Please state how many lines in the records below contain the word "http", giving only the number.
-.-.-
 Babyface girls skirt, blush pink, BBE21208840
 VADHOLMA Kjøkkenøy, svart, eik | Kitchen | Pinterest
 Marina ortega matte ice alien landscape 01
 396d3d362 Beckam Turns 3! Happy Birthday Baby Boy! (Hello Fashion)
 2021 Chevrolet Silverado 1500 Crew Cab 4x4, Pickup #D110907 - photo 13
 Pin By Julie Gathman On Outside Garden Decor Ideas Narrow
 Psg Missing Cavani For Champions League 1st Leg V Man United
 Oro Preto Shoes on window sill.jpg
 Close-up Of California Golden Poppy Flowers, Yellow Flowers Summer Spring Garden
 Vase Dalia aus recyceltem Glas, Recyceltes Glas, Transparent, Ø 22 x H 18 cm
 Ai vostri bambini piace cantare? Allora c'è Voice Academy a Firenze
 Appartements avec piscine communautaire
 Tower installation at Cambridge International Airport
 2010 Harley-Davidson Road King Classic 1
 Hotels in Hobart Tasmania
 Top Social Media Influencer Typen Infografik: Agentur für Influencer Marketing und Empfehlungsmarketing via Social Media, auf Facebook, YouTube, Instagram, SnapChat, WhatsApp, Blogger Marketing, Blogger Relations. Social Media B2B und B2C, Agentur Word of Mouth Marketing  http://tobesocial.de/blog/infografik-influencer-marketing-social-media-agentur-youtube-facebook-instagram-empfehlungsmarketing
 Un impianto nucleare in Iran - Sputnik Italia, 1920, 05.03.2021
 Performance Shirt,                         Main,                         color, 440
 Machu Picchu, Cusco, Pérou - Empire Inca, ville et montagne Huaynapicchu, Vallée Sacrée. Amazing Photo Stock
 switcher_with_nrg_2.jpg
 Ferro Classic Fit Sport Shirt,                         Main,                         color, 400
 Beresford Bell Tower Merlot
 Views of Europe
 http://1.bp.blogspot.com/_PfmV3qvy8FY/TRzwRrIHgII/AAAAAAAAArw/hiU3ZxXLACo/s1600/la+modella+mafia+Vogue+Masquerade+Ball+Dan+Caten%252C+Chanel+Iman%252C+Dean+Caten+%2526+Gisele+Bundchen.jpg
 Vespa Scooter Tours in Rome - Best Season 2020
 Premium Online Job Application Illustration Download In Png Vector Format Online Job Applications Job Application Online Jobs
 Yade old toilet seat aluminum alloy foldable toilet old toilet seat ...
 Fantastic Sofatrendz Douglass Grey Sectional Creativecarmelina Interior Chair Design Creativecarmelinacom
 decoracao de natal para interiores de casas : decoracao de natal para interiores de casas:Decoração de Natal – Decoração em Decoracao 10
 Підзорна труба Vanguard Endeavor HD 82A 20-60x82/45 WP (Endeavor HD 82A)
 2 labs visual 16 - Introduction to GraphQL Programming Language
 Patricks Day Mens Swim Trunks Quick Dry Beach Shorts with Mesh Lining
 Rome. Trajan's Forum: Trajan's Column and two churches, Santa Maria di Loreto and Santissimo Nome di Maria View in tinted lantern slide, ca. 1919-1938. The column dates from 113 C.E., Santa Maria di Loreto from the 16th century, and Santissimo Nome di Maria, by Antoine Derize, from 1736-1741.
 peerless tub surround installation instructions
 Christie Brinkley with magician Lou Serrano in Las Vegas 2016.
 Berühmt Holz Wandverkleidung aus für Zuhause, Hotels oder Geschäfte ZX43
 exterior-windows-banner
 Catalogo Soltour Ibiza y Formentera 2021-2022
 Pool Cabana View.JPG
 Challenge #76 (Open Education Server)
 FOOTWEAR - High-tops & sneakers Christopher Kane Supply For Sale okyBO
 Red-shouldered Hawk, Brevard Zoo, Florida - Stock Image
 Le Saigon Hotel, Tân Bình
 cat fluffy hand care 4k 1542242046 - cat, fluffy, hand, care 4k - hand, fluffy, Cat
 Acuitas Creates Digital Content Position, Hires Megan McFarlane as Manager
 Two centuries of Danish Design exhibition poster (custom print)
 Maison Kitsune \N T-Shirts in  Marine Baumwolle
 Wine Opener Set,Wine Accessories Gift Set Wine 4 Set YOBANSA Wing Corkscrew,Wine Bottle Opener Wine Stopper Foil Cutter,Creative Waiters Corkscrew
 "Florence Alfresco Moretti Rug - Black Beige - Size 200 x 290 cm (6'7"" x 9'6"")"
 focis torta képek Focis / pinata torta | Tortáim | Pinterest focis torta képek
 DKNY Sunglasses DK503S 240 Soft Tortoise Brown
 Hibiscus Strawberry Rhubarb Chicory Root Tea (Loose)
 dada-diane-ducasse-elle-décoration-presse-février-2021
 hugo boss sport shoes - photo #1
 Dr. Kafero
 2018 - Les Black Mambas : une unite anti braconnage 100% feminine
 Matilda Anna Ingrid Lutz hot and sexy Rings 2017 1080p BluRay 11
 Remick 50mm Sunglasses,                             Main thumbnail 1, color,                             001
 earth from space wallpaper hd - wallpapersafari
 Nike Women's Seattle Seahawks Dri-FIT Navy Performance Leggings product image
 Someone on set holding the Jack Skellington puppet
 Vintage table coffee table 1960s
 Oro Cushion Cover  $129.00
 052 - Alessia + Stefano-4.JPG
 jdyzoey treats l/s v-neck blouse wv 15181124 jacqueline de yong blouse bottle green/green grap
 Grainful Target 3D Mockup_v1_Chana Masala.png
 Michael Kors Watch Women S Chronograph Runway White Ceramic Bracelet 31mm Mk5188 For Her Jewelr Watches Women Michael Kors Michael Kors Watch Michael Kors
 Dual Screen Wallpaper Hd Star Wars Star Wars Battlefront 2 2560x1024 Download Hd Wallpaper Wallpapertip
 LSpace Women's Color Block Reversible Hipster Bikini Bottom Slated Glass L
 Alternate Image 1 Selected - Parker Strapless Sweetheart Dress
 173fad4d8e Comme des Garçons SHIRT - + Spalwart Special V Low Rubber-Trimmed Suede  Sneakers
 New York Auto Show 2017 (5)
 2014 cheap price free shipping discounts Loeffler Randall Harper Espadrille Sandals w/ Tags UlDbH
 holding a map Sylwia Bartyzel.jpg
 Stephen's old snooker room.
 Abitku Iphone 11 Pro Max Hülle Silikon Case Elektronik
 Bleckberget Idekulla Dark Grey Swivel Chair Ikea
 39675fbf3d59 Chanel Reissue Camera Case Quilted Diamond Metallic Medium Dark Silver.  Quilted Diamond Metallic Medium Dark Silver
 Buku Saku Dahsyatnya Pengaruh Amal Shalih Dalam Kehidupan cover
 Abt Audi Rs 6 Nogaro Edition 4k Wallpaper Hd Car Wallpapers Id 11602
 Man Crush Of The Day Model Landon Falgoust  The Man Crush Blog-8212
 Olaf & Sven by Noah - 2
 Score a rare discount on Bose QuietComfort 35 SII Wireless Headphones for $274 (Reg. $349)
-.-.-
- **Task result**:
2